By Kali Schumitz. When judges retire, positions are held vacant until governor, General Assembly act to fill them.

jueces Retirements have created judicial vacancies in the Fairfax court system and, unless additional state funding is identified, those positions will remain vacant.

The Fairfax Bar Association is leading an effort to get the Virginia General Assembly to fund the judge positions, saying that the courts will not be able to keep up with the current caseload if those positions are not filled.

Due to the state budget challenges in recent years, when judges retire, their positions are held vacant until the governor and the General Assembly act to fill them.

Fairfax will very soon have two vacancies each at both the Circuit Court and General District court. “It’s already having an impact,” said Jay Myerson, a local trial attorney and president of the Fairfax Bar Association.

Cases are already being scheduled for later dates because of the reduced numbers of judges, he said.

Fairfax has a strong track record for hearing cases within a year, which some say could be harmed by a slower judiciary. It will also have a negative impact on the business community, Myerson said.

There are also additional pressures facing the General District Court. Last year, the General Assembly expanded the court’s jurisdiction to include certain types of protective orders.

“These are not five-minute matters,” said Aaron Christoff, another Fairfax Bar Association member who spoke to the county’s General Assembly delegation at a public hearing Saturday. “These are hour-long matters, they are day-long matters that have never before existed and have added to the court’s workload.”

In addition, the General District Court handles traffic cases. The opening of the 495 Express Lanes is expected to add thousands of new traffic cases per month starting later this year, Christoff and Myerson said.

Another concern is that several other Fairfax judges are approaching retirement age.

“I am very concerned about burnout,” Myerson said. “You have 13 judges carrying the workload of 15 judges.”

Gov. Robert McDonnell (R) has included funding to fill 15 other judge positions around the state in his proposed budget amendments but did not include any funding to fill the Fairfax vacancies.

Fairfax Sen. Chap Petersen (D-Dist. 34) said he will introduce a budget amendment for about $500,000 to fill two of the Fairfax vacancies, one in the General District and one in the Circuit Court.

“We had 15 judges a couple years ago, and we’re as busy as ever,” Petersen said. “The population of the county has been steadily growing. … We can’t go below 14; it’s just not feasible.”

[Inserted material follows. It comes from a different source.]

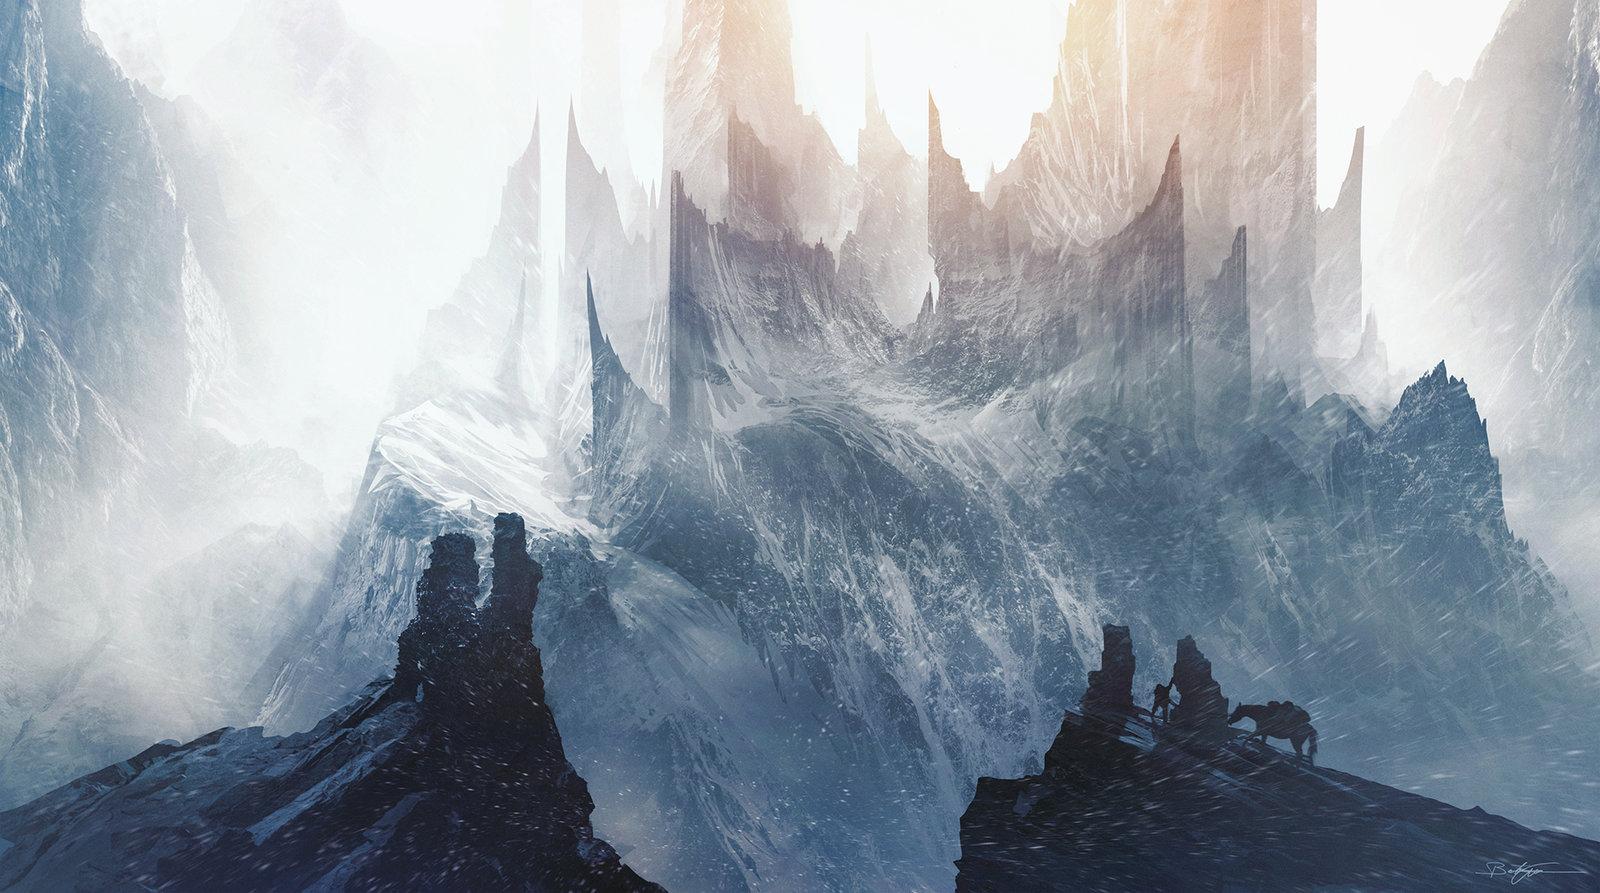 Fantasy Girl Wallpaper Cool Fantasy The Sci Fi Art Of Bastien Grivet Bastien Grivet Artist

Part of the issue is that the vacancies that get filled are prioritized based on caseload statistics, Petersen and Myerson said. Different jurisdictions have different methods for how they count cases, which can skew the statistics.

Petersen believes he and other local legislators can convince the assembly to fund the additional positions, given that it is a relatively small amount of money in the context of the budget and that there is a demonstrated need.

“The bottom line is that the governor found money for 15 additional judges around the state and he didn’t find money for Fairfax,” Petersen said. “Fairfax representatives have to step up and speak out.”